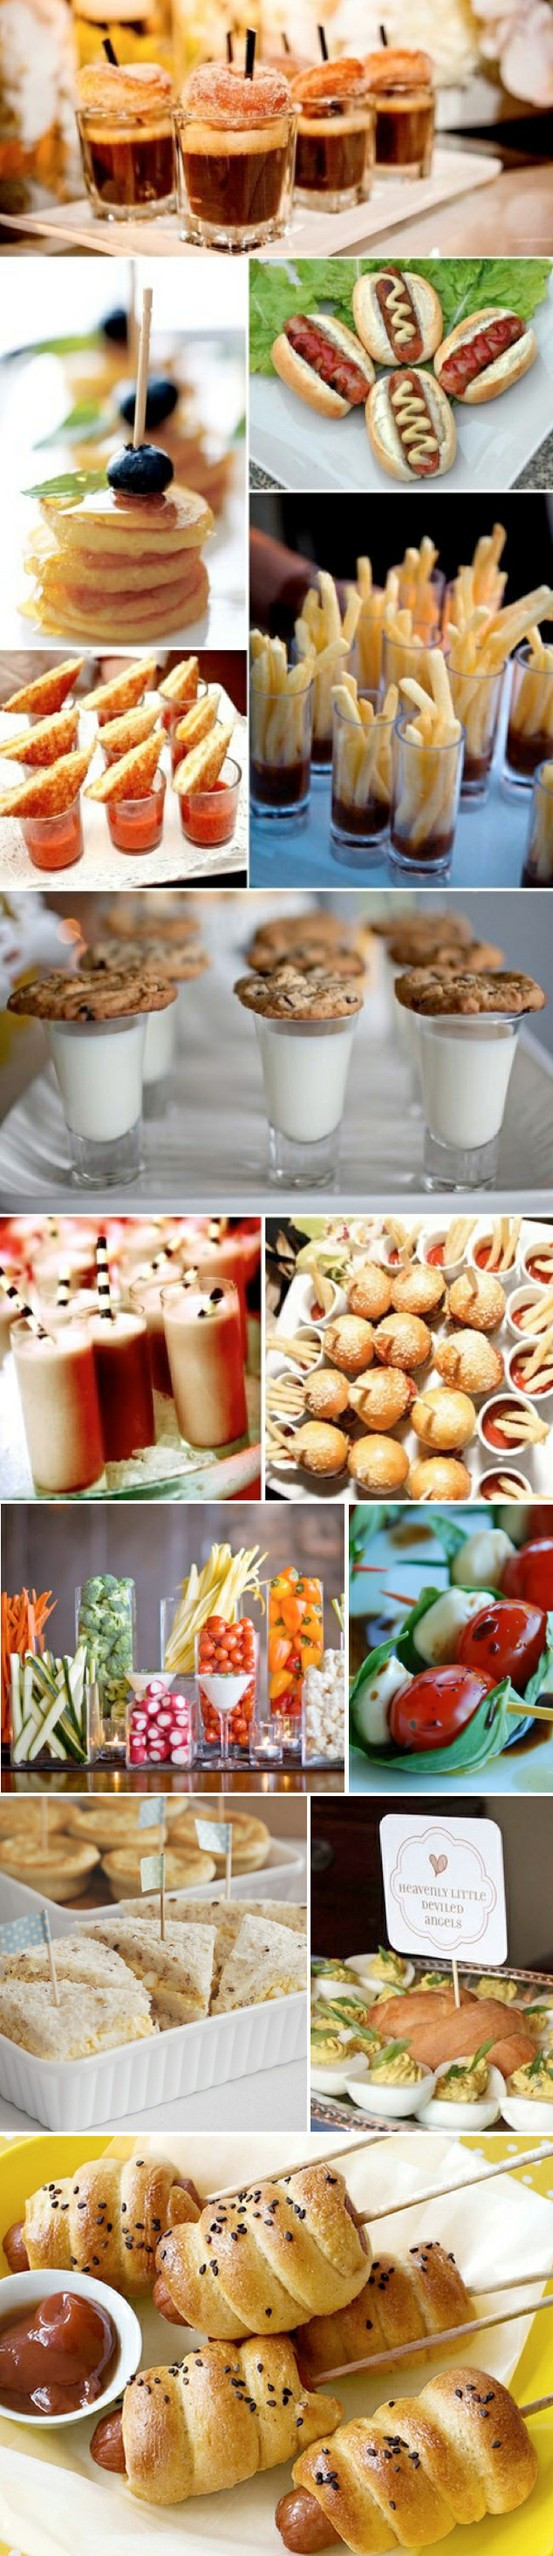 Party Food Ideas Buffet Finger Foods
 Finger foods for that party you’ve been planning 38
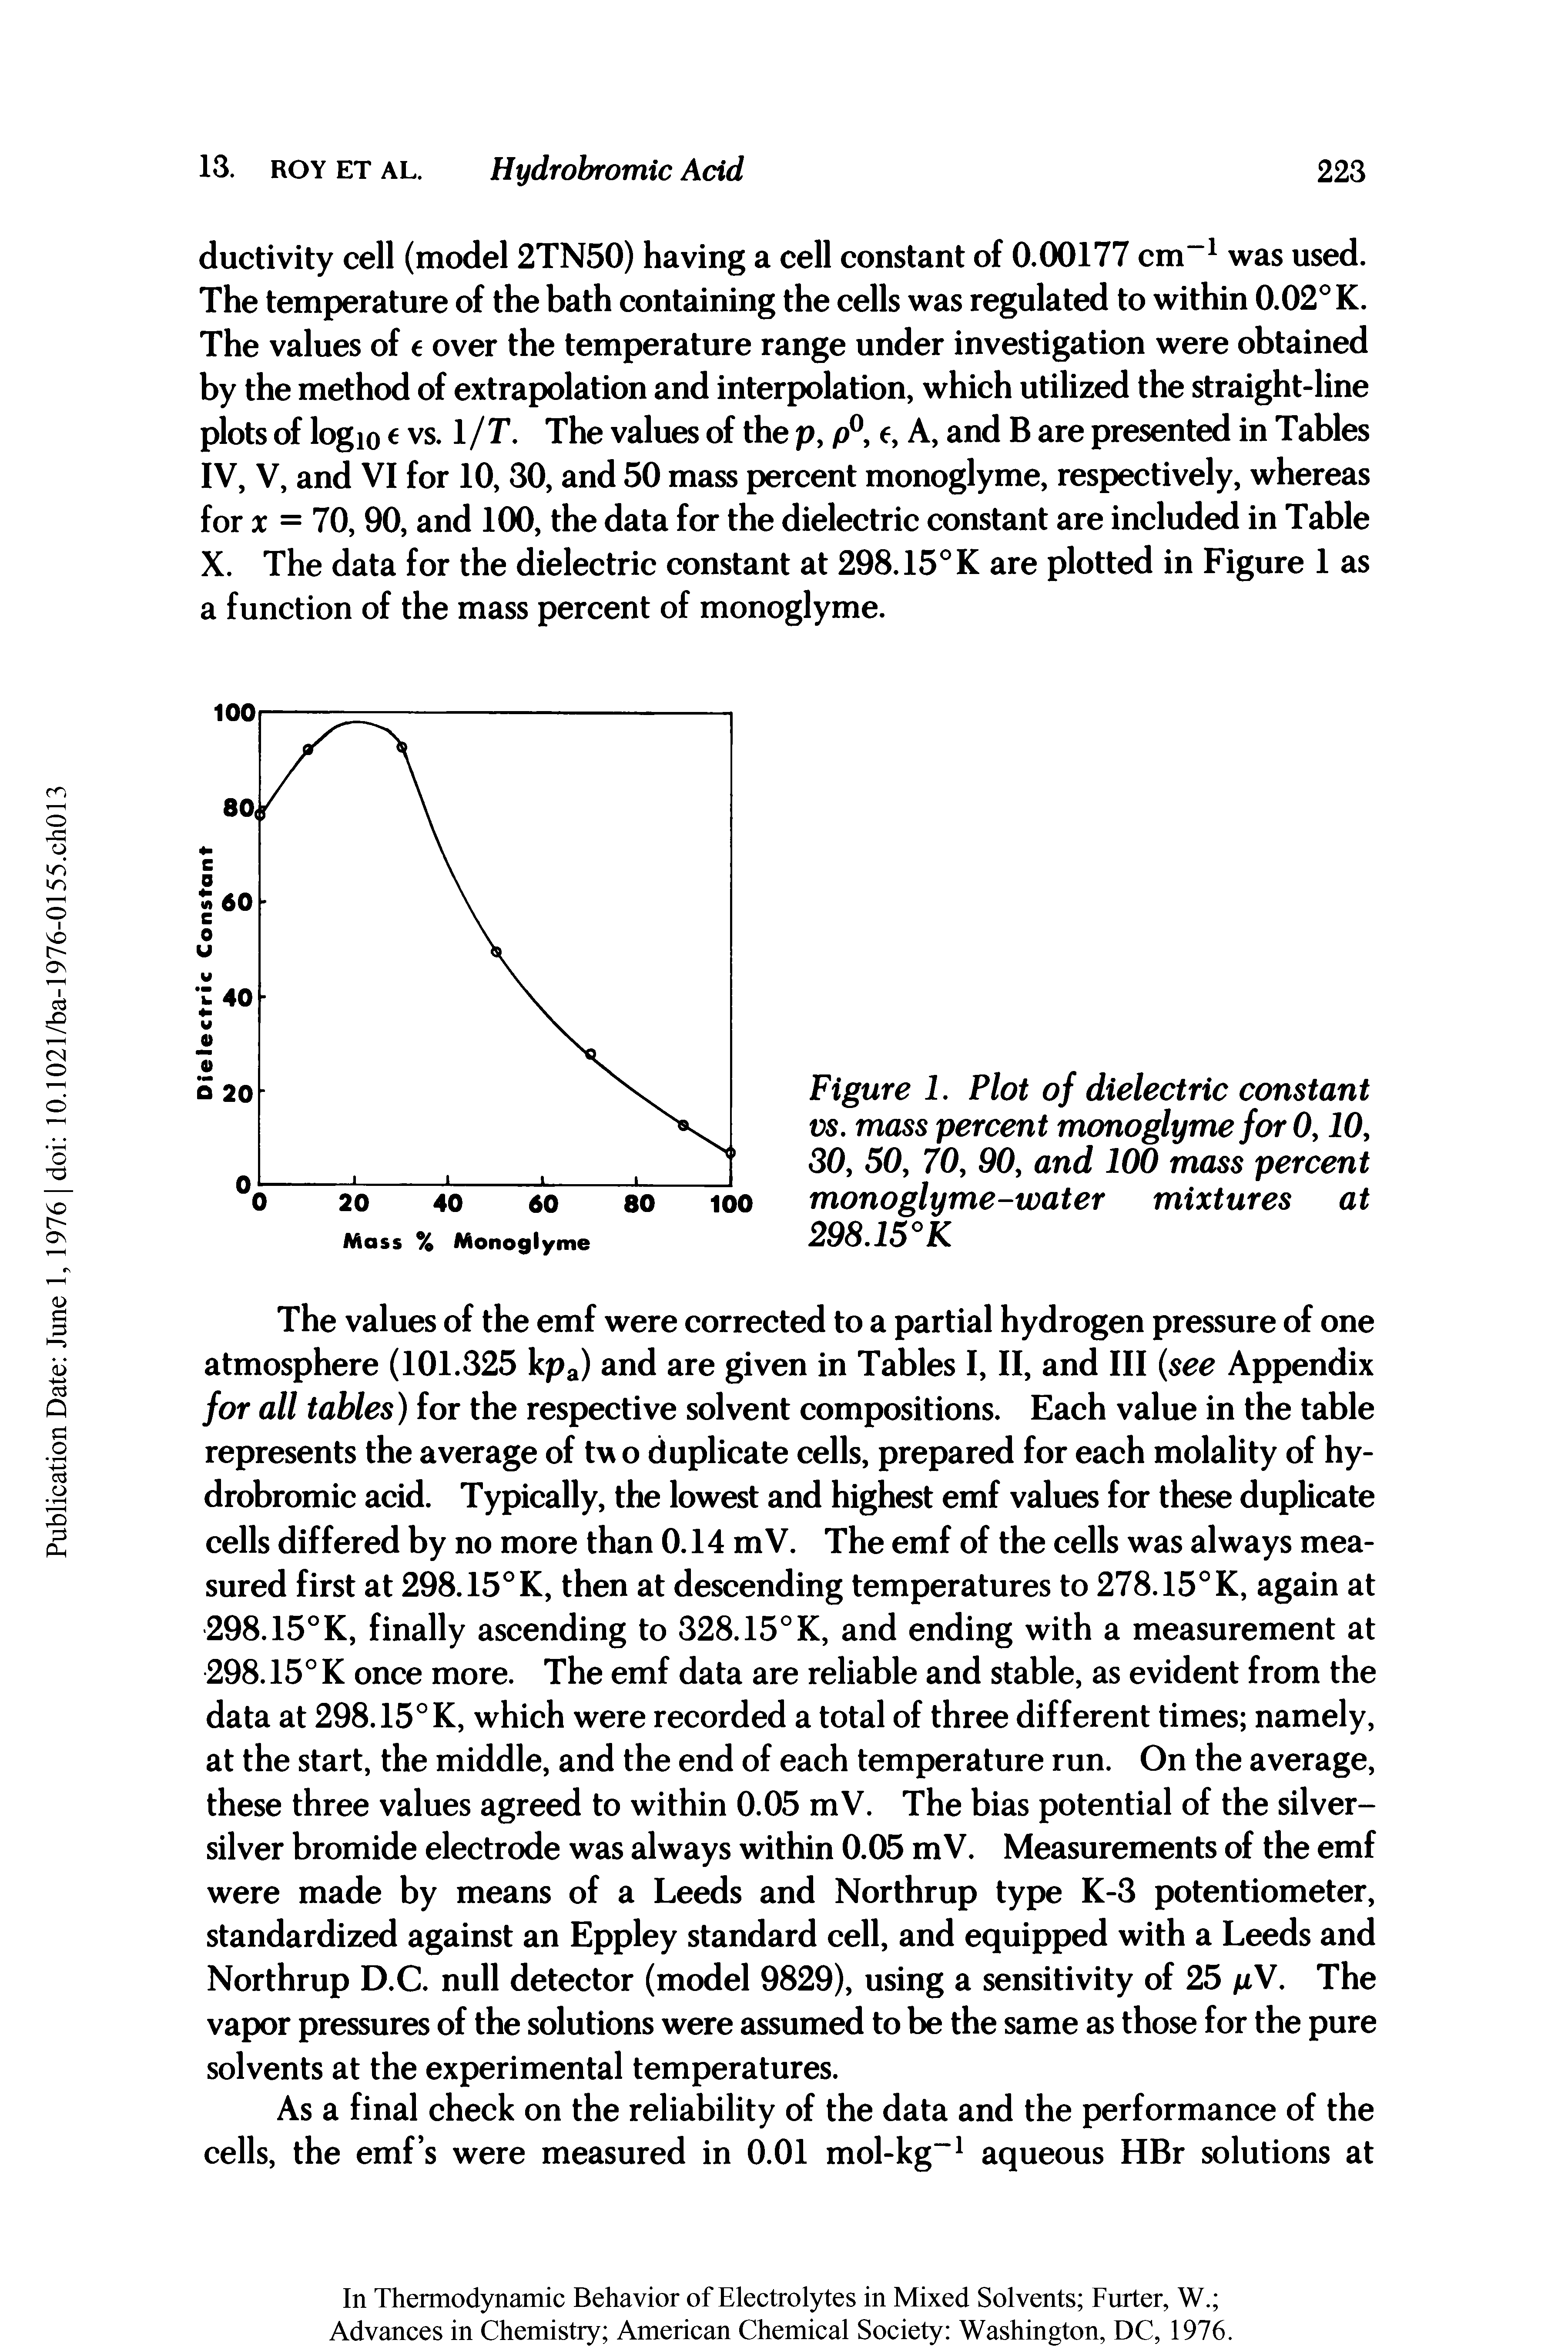 Figure 1. Plot of dielectric constant vs. mass percent monoglyme for 0,10, 30, 50, 70, 00, and 100 mass percent monoglyme-water mixtures at 298.15°K...

● **YOUR GOAL**: The data above must be given again in full and unaltered, minus its images.

● **SOLUTION**:
 Party Food Ideas Buffet Finger Foods
 Finger foods for that party you’ve been planning 38
 Figure 1. Plot of dielectric constant vs. mass percent monoglyme for 0,10, 30, 50, 70, 00, and 100 mass percent monoglyme-water mixtures at 298.15°K...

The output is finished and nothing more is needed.